Now that there is technology to avoid ads on television, advertisers are willing to pay less to air their announcements. What consequences would such a loss of revenue have on the television landscape?
Torben Stuehmeier and Tobias Wenzel say that the reduced profit opportunities should reduce entry (or favor exit) from the free-to-air television market. Note, however, that those how avoid ads are those who are bothered by them. The remainder are those the advertisers want to reach, so ads may become more numerous. In contrast, pay-TV (either pay-to-subscribe or pay-per-view) should be able to charge more for subscriptions to compensate for the reduced ad income. There is no change in revenue.
Thinking about welfare, the TiVo customers have the same utility as they pay for their subscription what they think ad avoidance is worth. But for everyone, there are now fewer channels to chose from the free-to-air market and consumers are worse off. In a pay-TV market, welfare is also reduced, as non-users pay more for subscriptions. Now extend the model of Stuehmeier and Wenzel to allow both television industries to co-exist and compete against each other. As customers have fewer free options, they will go towards the pay channels. The end result: a similar number of channels, but more you have to pay for. Consumer welfare was reduced by the availability of the TiVo box.

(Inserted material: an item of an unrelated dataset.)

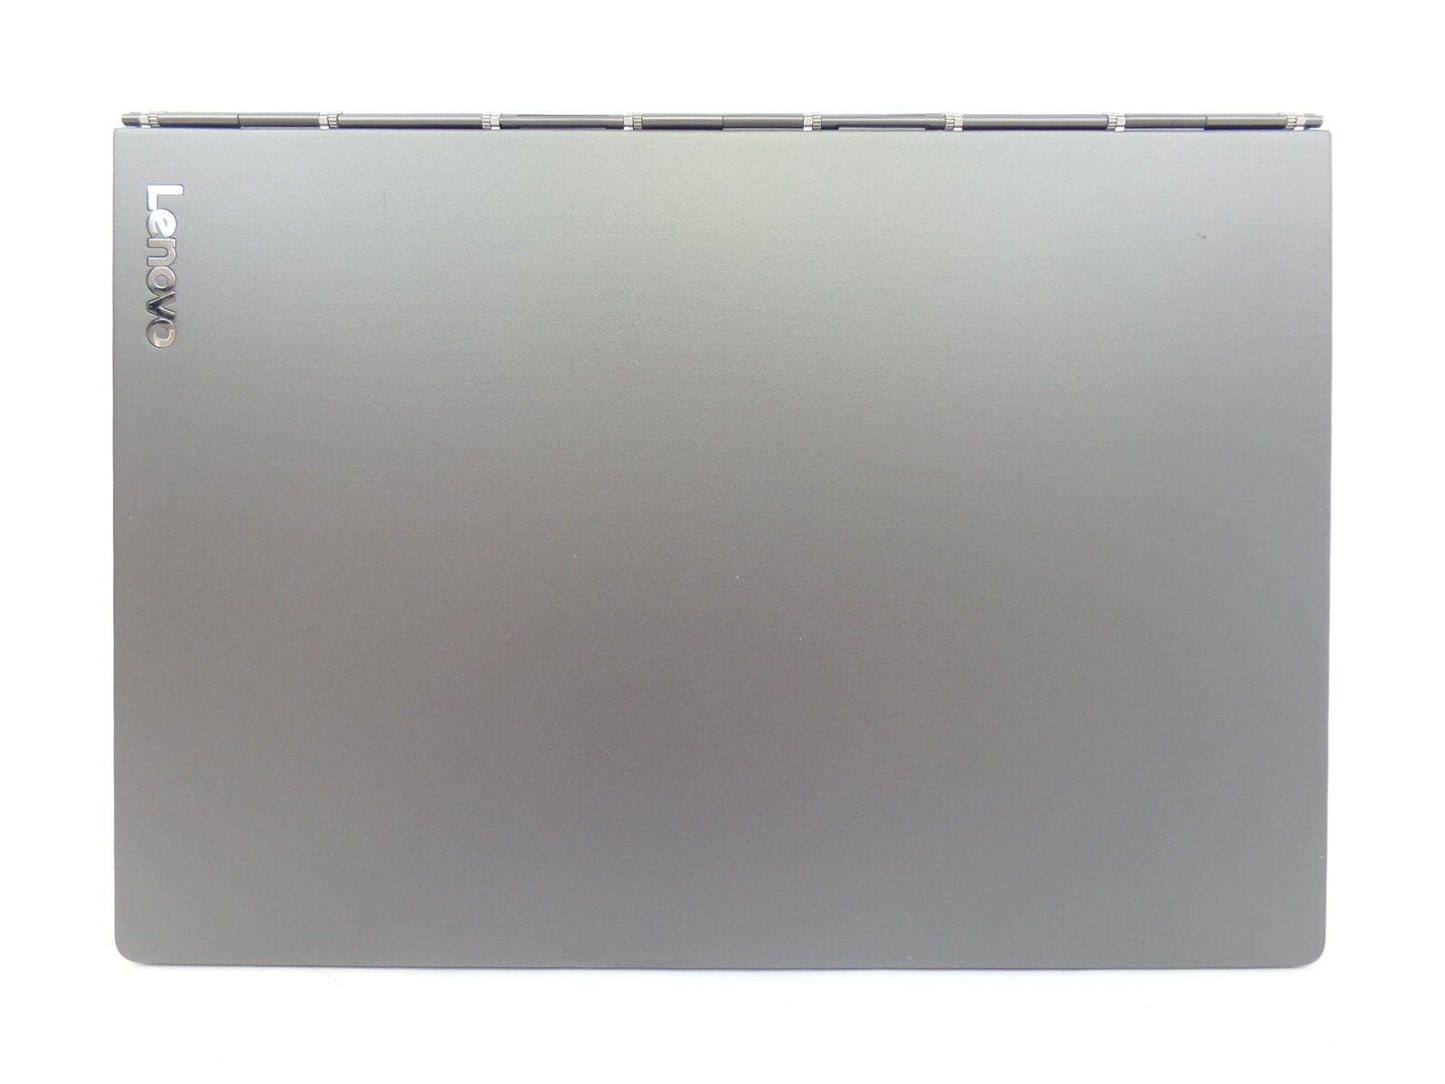 Lenovo Yoga Book C930 10.8" WQXGA Touch i5-7Y54 4GB 256GB W10H Laptop

Note that the authors have a different concept of welfare than me. They consider not only the consumer surplus, but also television industry profits. Why would one want to consider the latter? If the argument is that it increases the income and thus the consumption of someone, why not model it explicitly? And given that the only good produced in this model is differentiated television channels (with a bad through ads), that is all what counts. Profits are just a monetary illusion here.